**INFORMATION SHOWN**
+---+

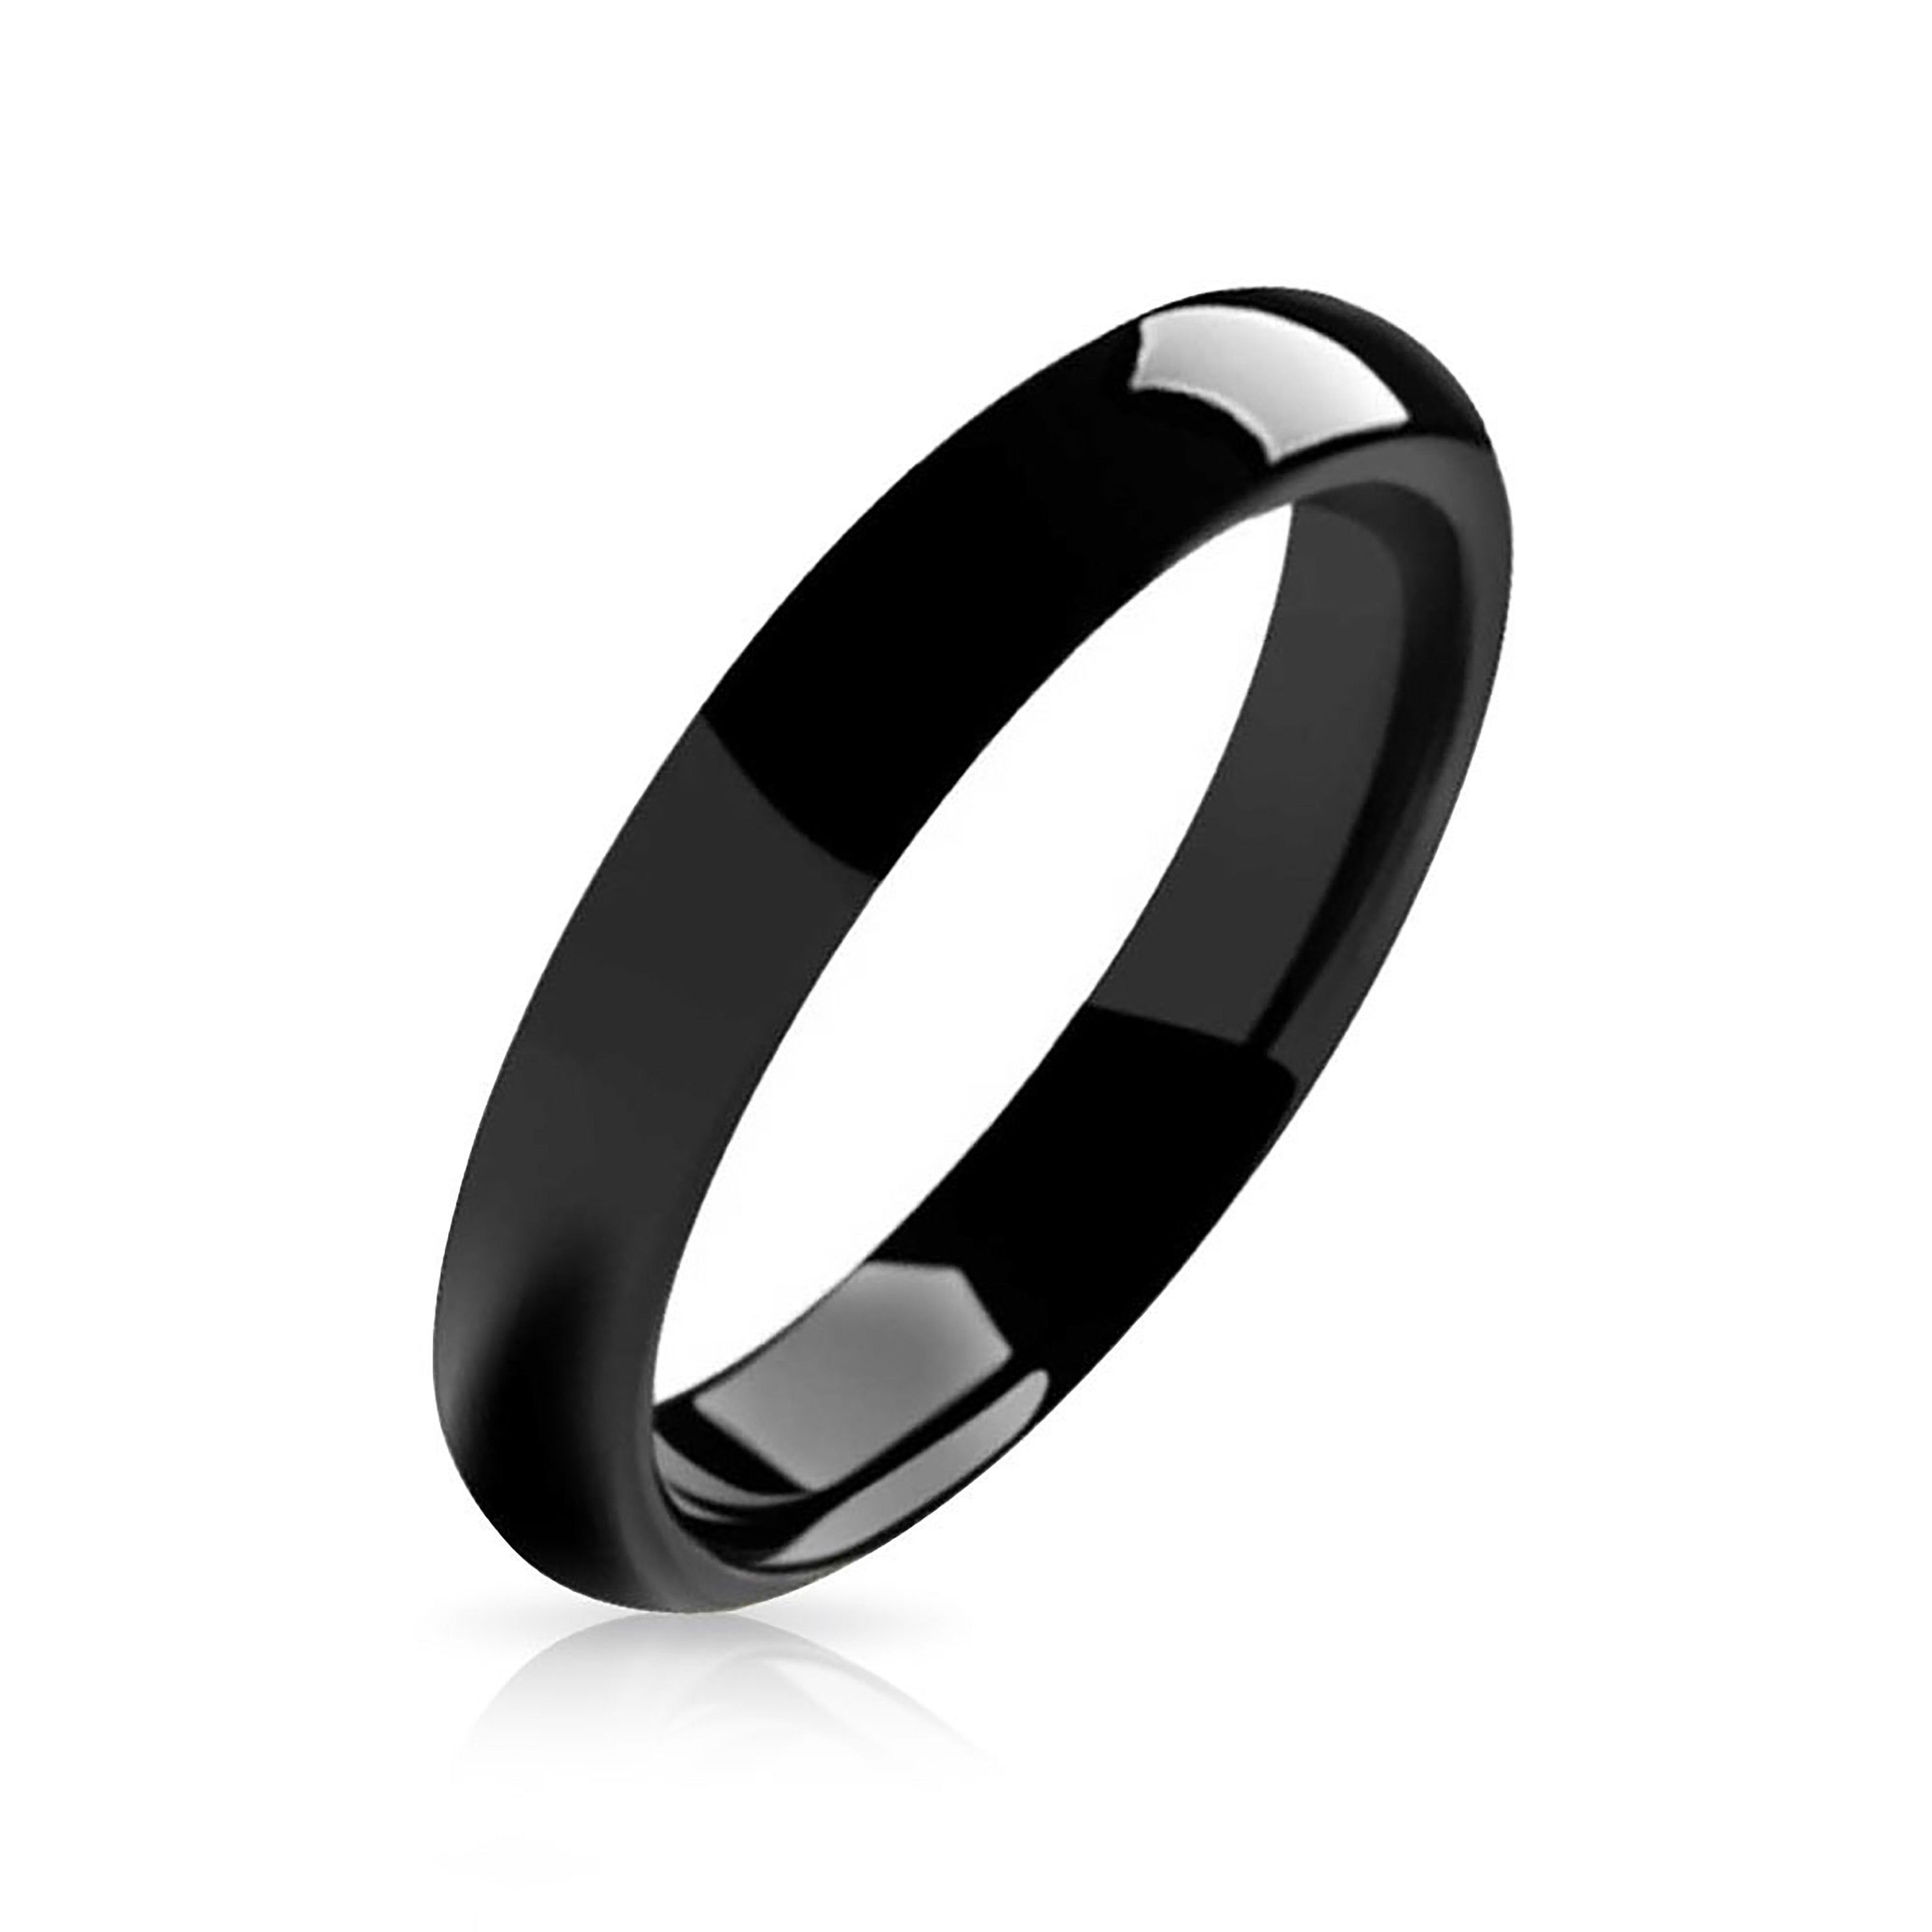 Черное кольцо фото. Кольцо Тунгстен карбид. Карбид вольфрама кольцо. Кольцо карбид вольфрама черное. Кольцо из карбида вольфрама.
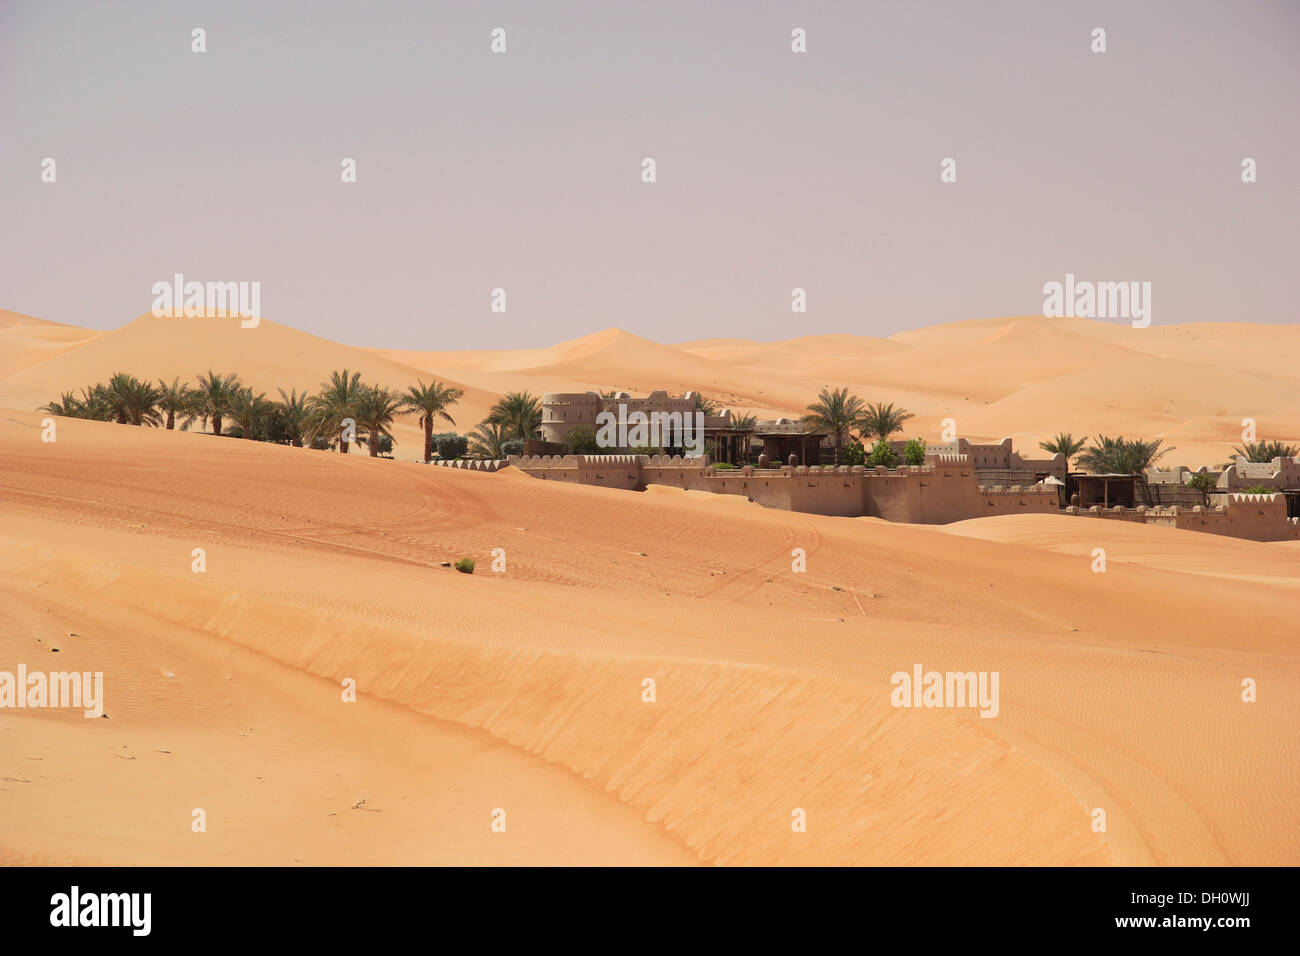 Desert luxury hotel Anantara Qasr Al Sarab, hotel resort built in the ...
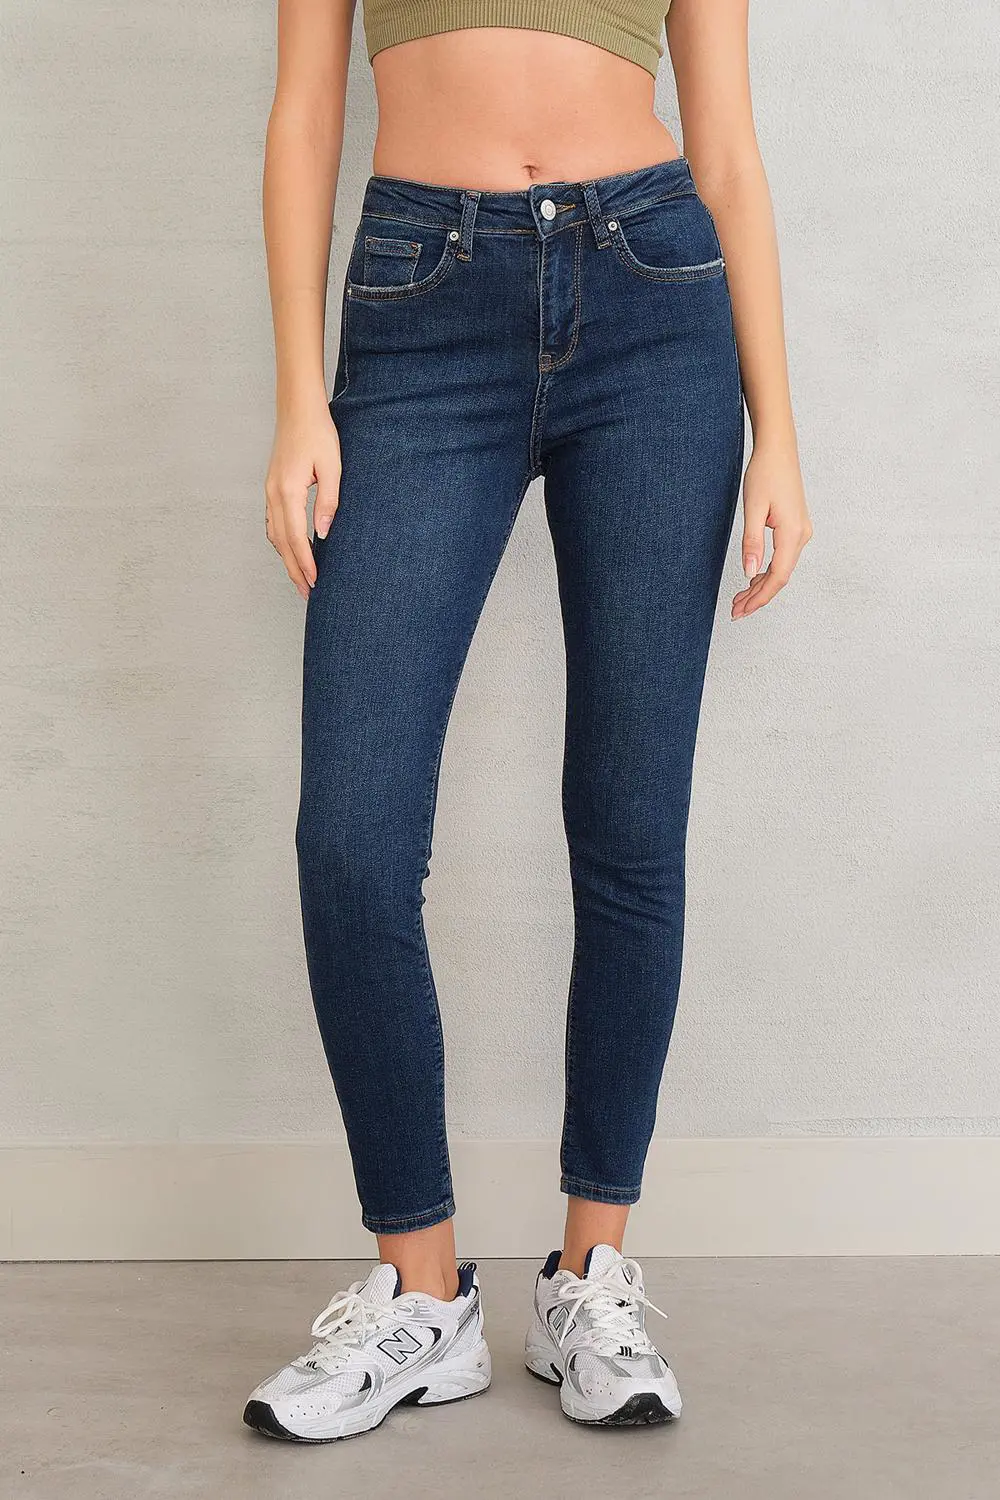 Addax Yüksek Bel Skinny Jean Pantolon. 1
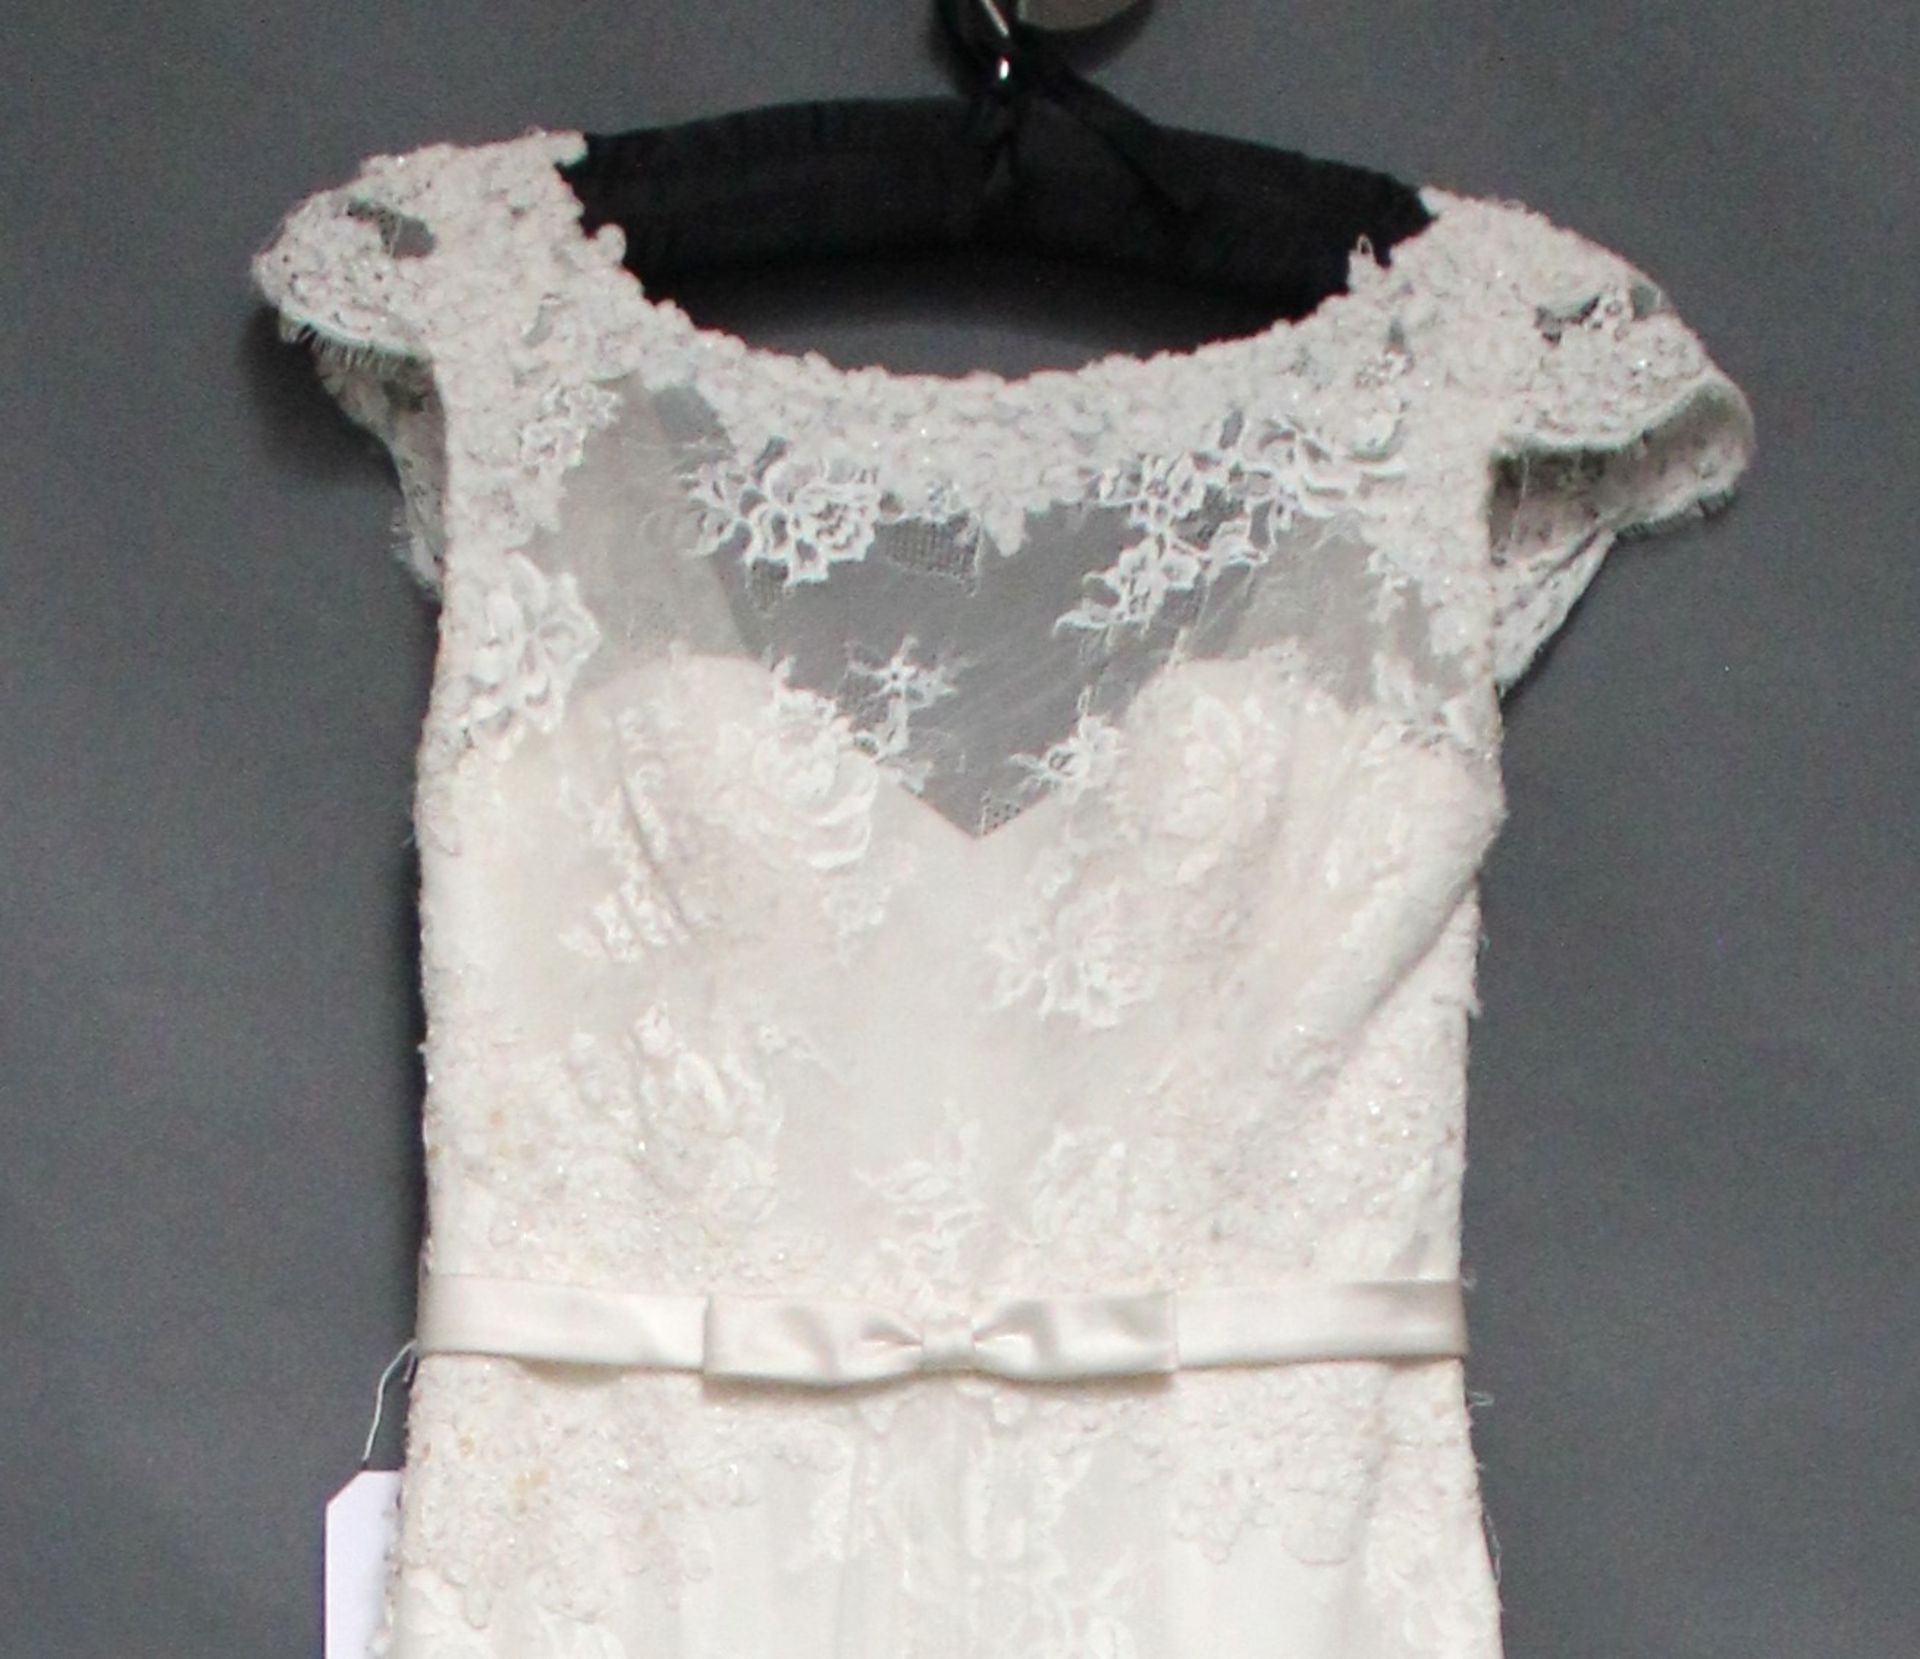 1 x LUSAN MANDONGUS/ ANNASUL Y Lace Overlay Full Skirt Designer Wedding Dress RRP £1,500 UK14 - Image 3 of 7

+---+

**WHAT YOU WILL DO**
Reproduce the full material exactly, excluding the pictures.

**EXERCISE OUTPUT**
 Черное кольцо фото. Кольцо Тунгстен карбид. Карбид вольфрама кольцо. Кольцо карбид вольфрама черное. Кольцо из карбида вольфрама.
 Desert luxury hotel Anantara Qasr Al Sarab, hotel resort built in the ...
 Addax Yüksek Bel Skinny Jean Pantolon. 1
 1 x LUSAN MANDONGUS/ ANNASUL Y Lace Overlay Full Skirt Designer Wedding Dress RRP £1,500 UK14 - Image 3 of 7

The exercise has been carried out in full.